A chegada foi próximo da meia noite.


Fizemos o caminho a pé até Connaught Place.

 Parte da caminhada foi pelo meio da estrada porque os passeios estavam ocupados por pessoas enroladas em mantas. 

Eram muitos os turistas do Taj Express que faziam o caminho a pé.
O movimento  das pessoas e carroças era completamente indiferente para os sem abrigo.


Em Connaught Place outros mendigos faziam fogueiras debaixo das arcadas do hotel Marina. 
No meio da praça estivemos a regatear o preço de uma motorizada. 
Feito o acordo o problema era com outro condutor que teimava em fazer o mesmo serviço.
Por pouco não houve uma rixa entre eles.


Regressámos ao YWCA Blue Triangle family Hostel.


No dia seguinte o almoço foi no hotel The Imperial. Instalações luxuosas, tipicamente britânico, com um amplo jardim, repleto de palmeiras, em redor de uma piscina.

O serviço era também rigoroso embora, naquela tarde, um empregado não reparou na porta de vidro e transformou-a em cacos.
 Três semanas após o início da viagem saboreámos um bife de vaca. Não faz parte da nossa dieta alimentar mas a oportunidade não podia ser desperdiçada.


O jantar foi numa outra YWCA., na International Guest House.
Uma surpresa.



Comida excelente e a sobremesa ainda era melhor. O serviço de mesa era feito por um homem de idade. Muito atencioso e simpático que nos oferecia sempre mais comida.
Fomos lá outra vez.


Deli - sight seeing
Deli - sight seeing


Em ambas as YWCA havia fotografias de turistas desaparecidos – todos eles jovens.


Outra particularidade era a segurança.

Durante a noite a vigilância era feita por um homem armado. Qualquer saída ou entrada era controlada.




O dia seguinte foi uma viagem num autocarro de turismo. 
Barato, 7,5 rupias
. Na nova e velha Deli. 
Deu para conhecer algumas avenidas, essencialmente em zonas mais distantes do centro da cidade.

Jardim Ghandi
Jardim Ghandi

 

O jardim Gandhi, The Mahatma Gandhi Park of Delhi,,  foi um dos locais que visitámos. 

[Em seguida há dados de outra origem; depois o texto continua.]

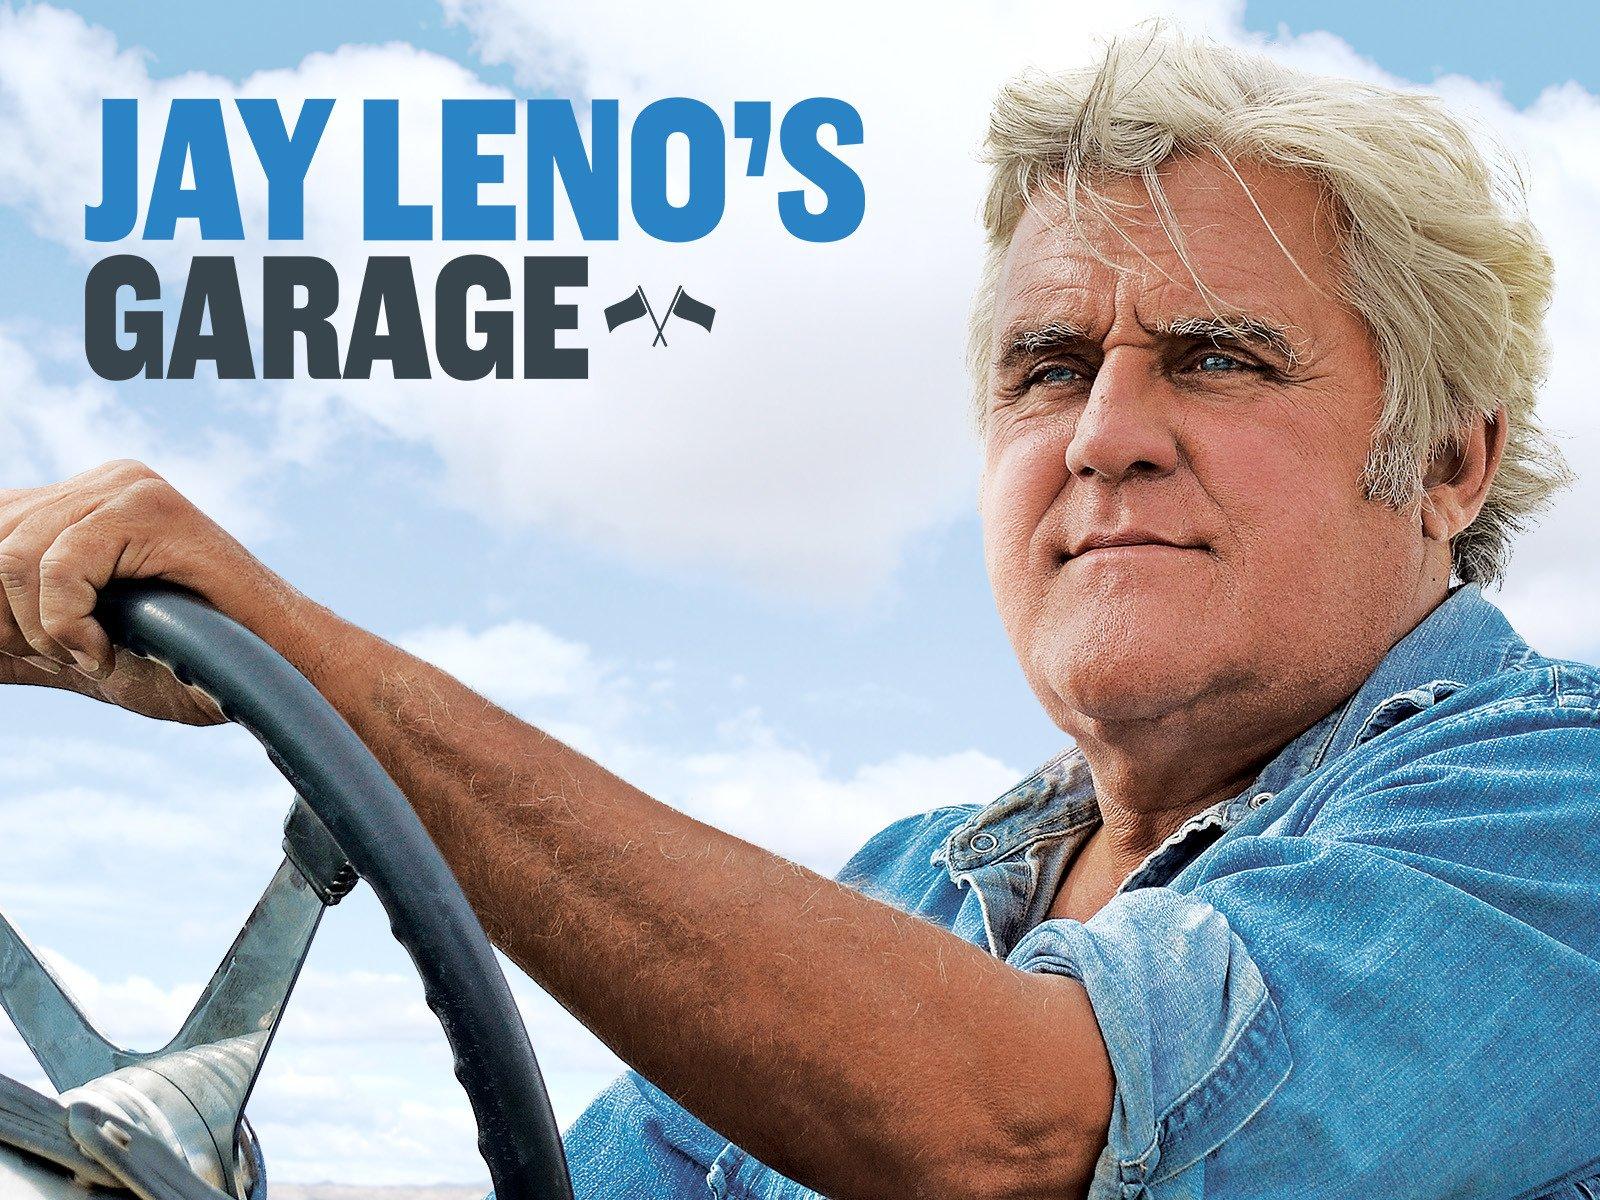 Jay Leno's Garage - Season 1

Hoje é possível chegar através do metro.

Está localizado próximo da estação de caminhos de ferro em Old Deli.

O acesso era gratuito e o espaço não era muito grande. É onde está a tumulo de Ghandi. Nesta área, do mausoléu, só se podia andar descalço.


Fomos também visitar o forte de Deli que está classificado pela UNESCO.

Assemelha-se ao de Agra. 
Feito de pedra vermelha, no interior tinha espaços ajardinados. 

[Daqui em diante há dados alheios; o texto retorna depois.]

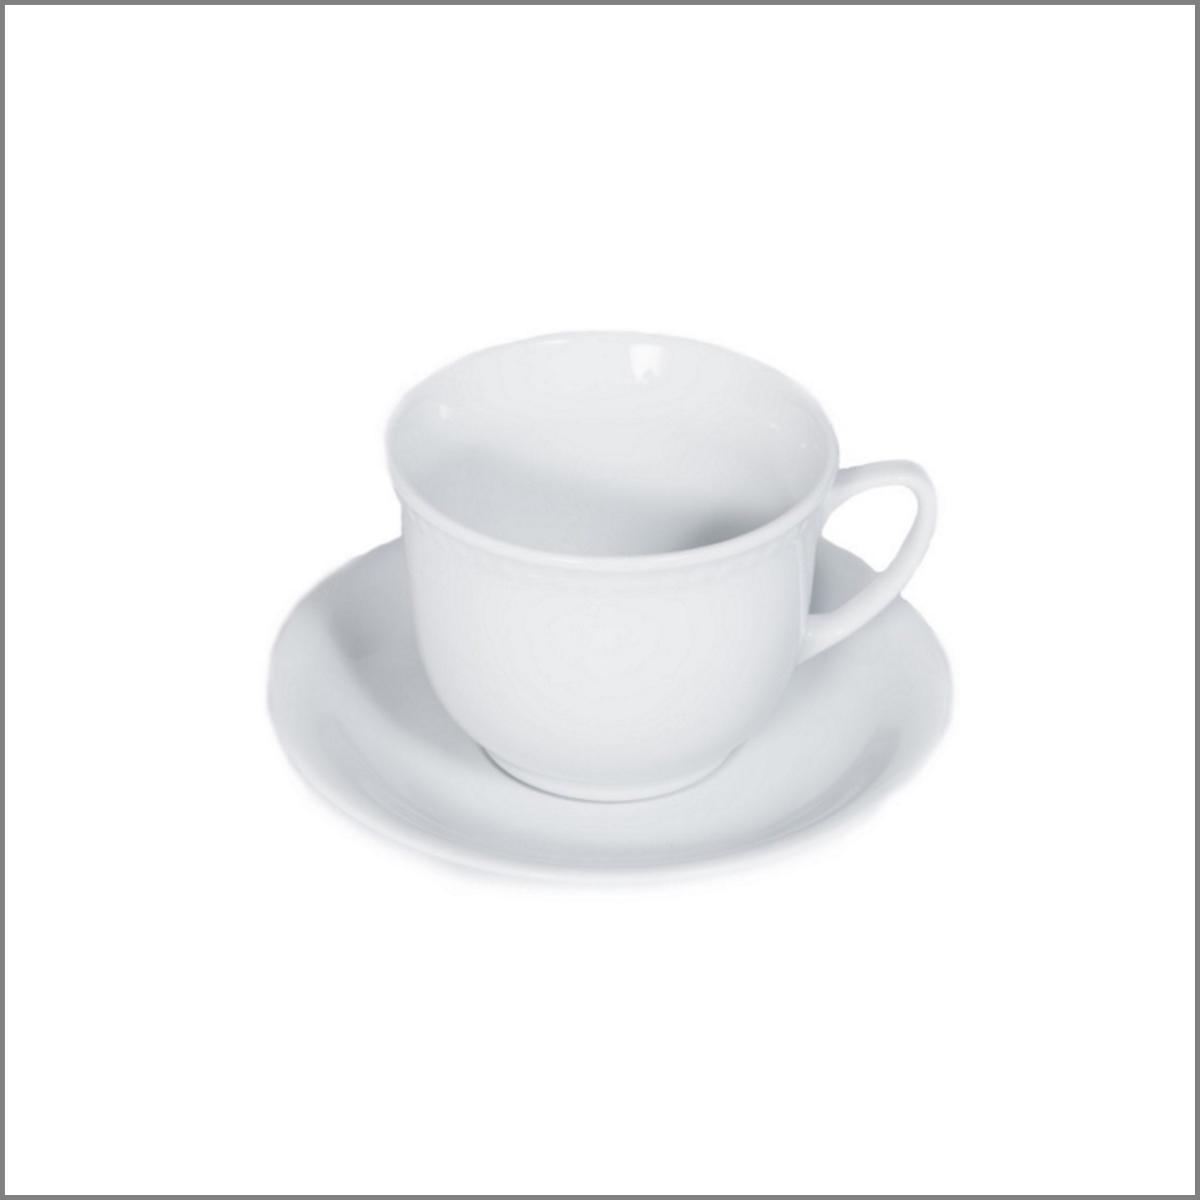 Tasse a the petit dejeuner 1

Foi construido no sec. XVII por Shahjahan, o mesmo imperador que decidiu edificar o Taj Mahal.
 Com a mesma opulência. Palácios enormes, com ornamentos de ouro, prata e pedras preciosas.




Um mar de gente estava à porta do forte. Vendiam souvenires ou ofereciam-se como guias. O guia avisou para se ter cuidado com as carteiras.

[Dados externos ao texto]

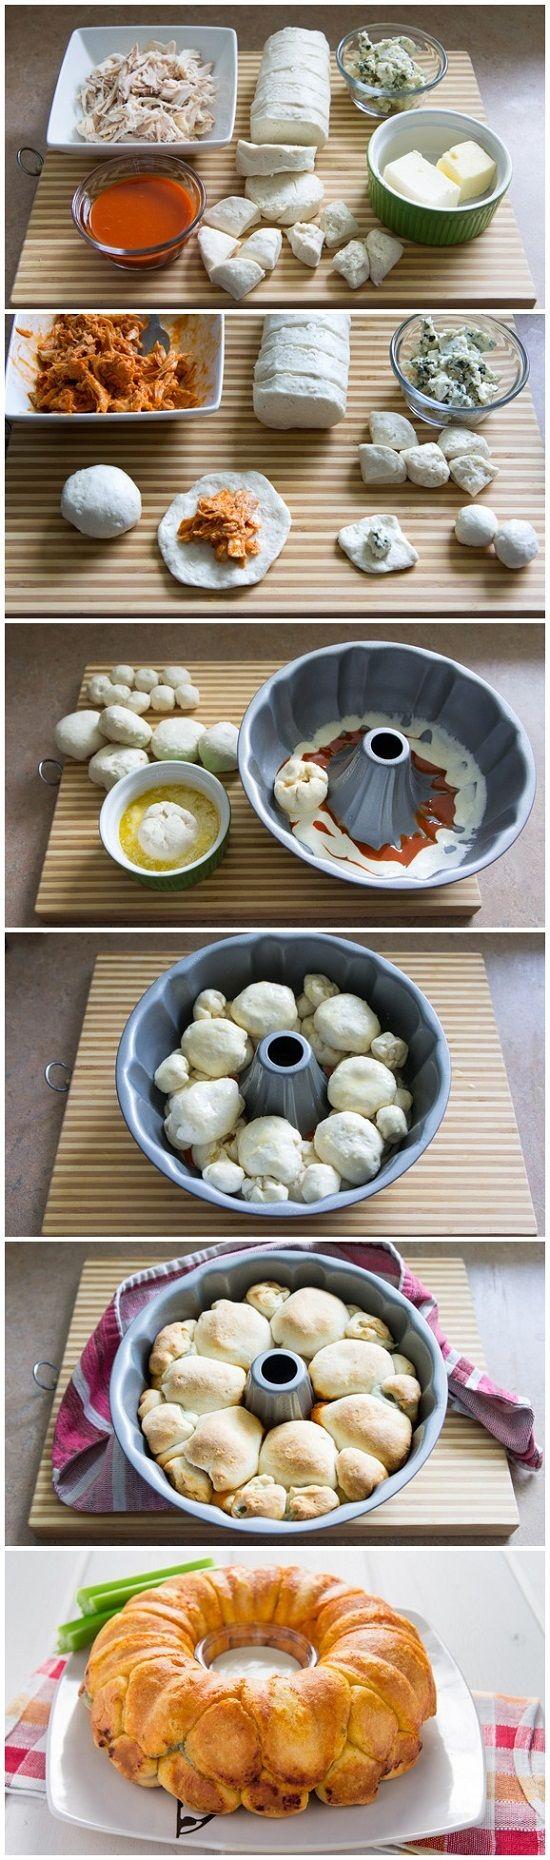 How to make delicious buffalo chicken monkey bread

Neste espaço também estavam muitos policias. Com canas. 
Num dia, próximo da estação dos caminhos de ferro vimo-los em acção. Não eram meigos e davam fortes pancadas nas pessoas com as canas.

À entrada do forte também havia uma barra metálica, envolvida com longas superfícies pontiagudas.


Situação extrema foi a que vimos próximo do forte, no acesso a um templo.

Era uma rua não muito estreita. A parte central tinha pequenos tanques que deviam ser decorativos, com água. Quando da nossa visita estavam cheios de lixo e excremento.
Os passeios tinham muita gente, a maioria encostados às paredes. Esperavam por uma esmola. Eram, na maioria, mutilados.
Uns tinham uma atitude passiva. Outras encostavam-se aos turistas.
Um deles, sem pernas, apoiava-se na barriga, dava saltos enquanto berrava.


Um ambiente dantesco. 
Com muito cuidado conseguimos atingir o sopé da escadaria do templo.
Subimos algumas escadas e virados para o caminho víamos uma das piores cenas em toda a viagem pela Índia.
 Nas escadas também estavam vários mutilados. 


Um deles, sem pernas e com apoios de pele nas mãos começou a perseguir a E. Escada acima, escada abaixo.
 Foi de imediato a fuga. 
Nem deu para espreitar o templo.


Para nós terminou aqui o passeio turístico desta tarde..


Air India
Air India

No dia seguinte foi o voo para Mumbai onde fizemos escala a caminho de Colombo.


Contrariando uma ideia vulgarizada, o avião e o serviço da Air Índia não era mau. 
Música brasileira dava um ambiente diferente ao voo.


O aeroporto de Mumbai estava cheio de gente. Não foi fácil o transfer. Tivemos de correr.


Cansados e com calor entrámos no aparelho da Air Lanka que estava cheio de gente e com um ar denso.